In the following reaction, how many liters of oxygen will react with 124.5 liters of propane (C3H8), at STP?
C3H8 + 5O2 = 3CO2 + 4H2O
Since all are gases one may use a shortcut that tells us we can use liters directly as moles. All you need to do is to convert 124.5 L propane to oxygen using the coefficients in the balanced equation.
124.5L x (5 moles propane/1 mol oxygen) = ? L O2.
662.5 liters
622.5 not 662.5
662.5
To determine how many liters of oxygen will react with 124.5 liters of propane (C3H8), at STP, we need to use the stoichiometry of the balanced chemical equation.
The balanced chemical equation is:
C3H8 + 5O2 = 3CO2 + 4H2O
From the equation, we can see that for every one mole of propane (C3H8), we need 5 moles of oxygen (O2).
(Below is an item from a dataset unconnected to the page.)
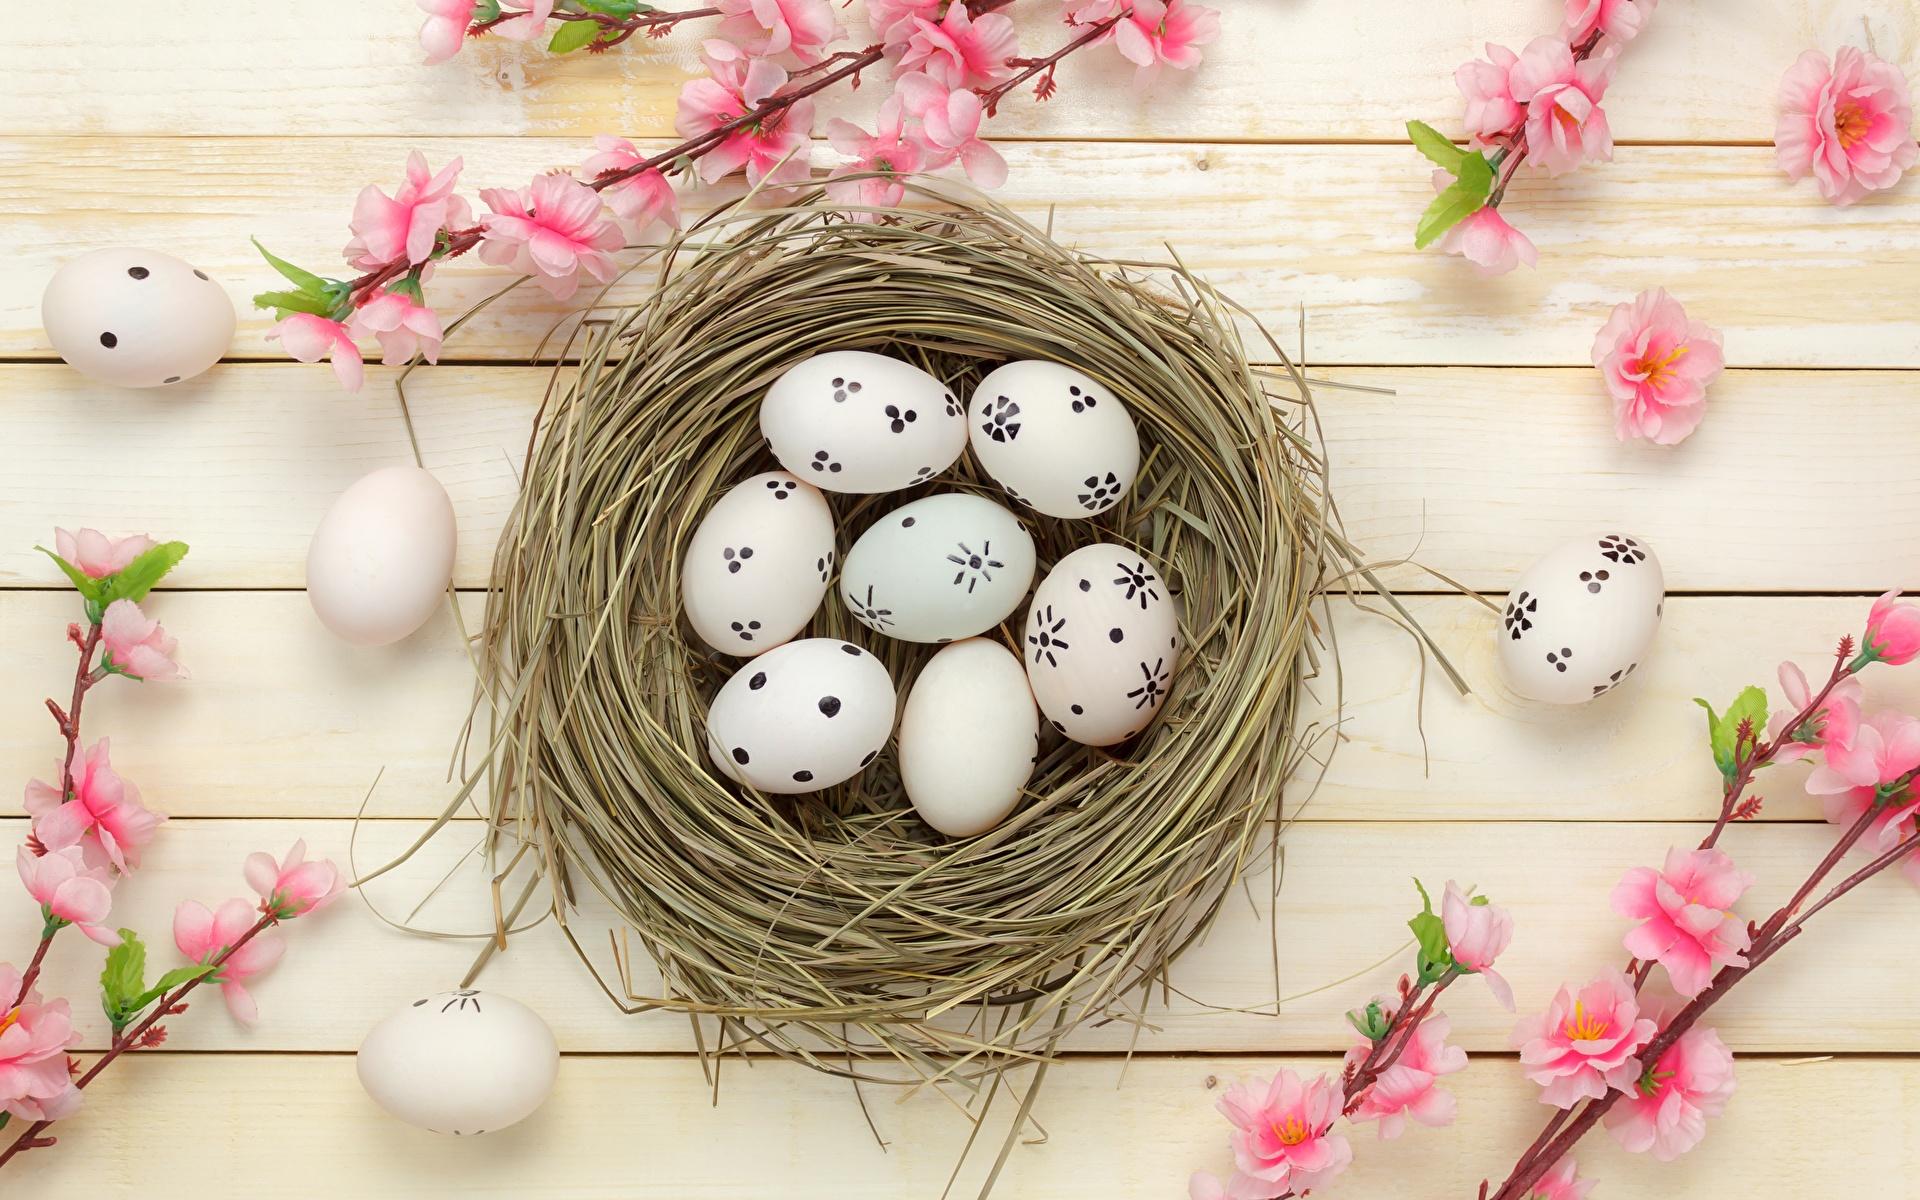 Фотография Пасха Яйца гнезде Доски 1920x1200 яиц яйцо яйцами гнезда Гнездо

This means that the mole ratio between propane and oxygen is 1:5.
First, we need to convert the given liters of propane (C3H8) to moles. To do this, we use the ideal gas law equation:
PV = nRT
Where:
P = pressure (at STP, it is 1 atm)
V = volume in liters (124.5 L in this case)
n = number of moles (unknown)
R = ideal gas constant (0.0821 L·atm/mol·K)
T = temperature (at STP, it is 273 K)
Rearranging the equation to solve for n (number of moles):
n = PV / RT
Plugging in the values:
n = (1 atm * 124.5 L) / (0.0821 L·atm/mol·K * 273 K)
n ≈ 5.113 moles of propane (C3H8)
Since the mole ratio between propane and oxygen is 1:5, we multiply the number of moles of propane by 5 to find the number of moles of oxygen required:
n_oxygen = 5 * n_propane
n_oxygen ≈ 5 * 5.113 moles
n_oxygen ≈ 25.57 moles of oxygen (O2)
Now, to convert moles back to liters of oxygen at STP, we use the ideal gas law again:
n = PV / RT
Rearranging the equation to solve for V (volume in liters):
V = nRT / P
Plugging in the values:
V = (25.57 moles * 0.0821 L·atm/mol·K * 273 K) / (1 atm)
V ≈ 569.14 liters of oxygen
Therefore, approximately 569.14 liters of oxygen will react with 124.5 liters of propane (C3H8) at STP.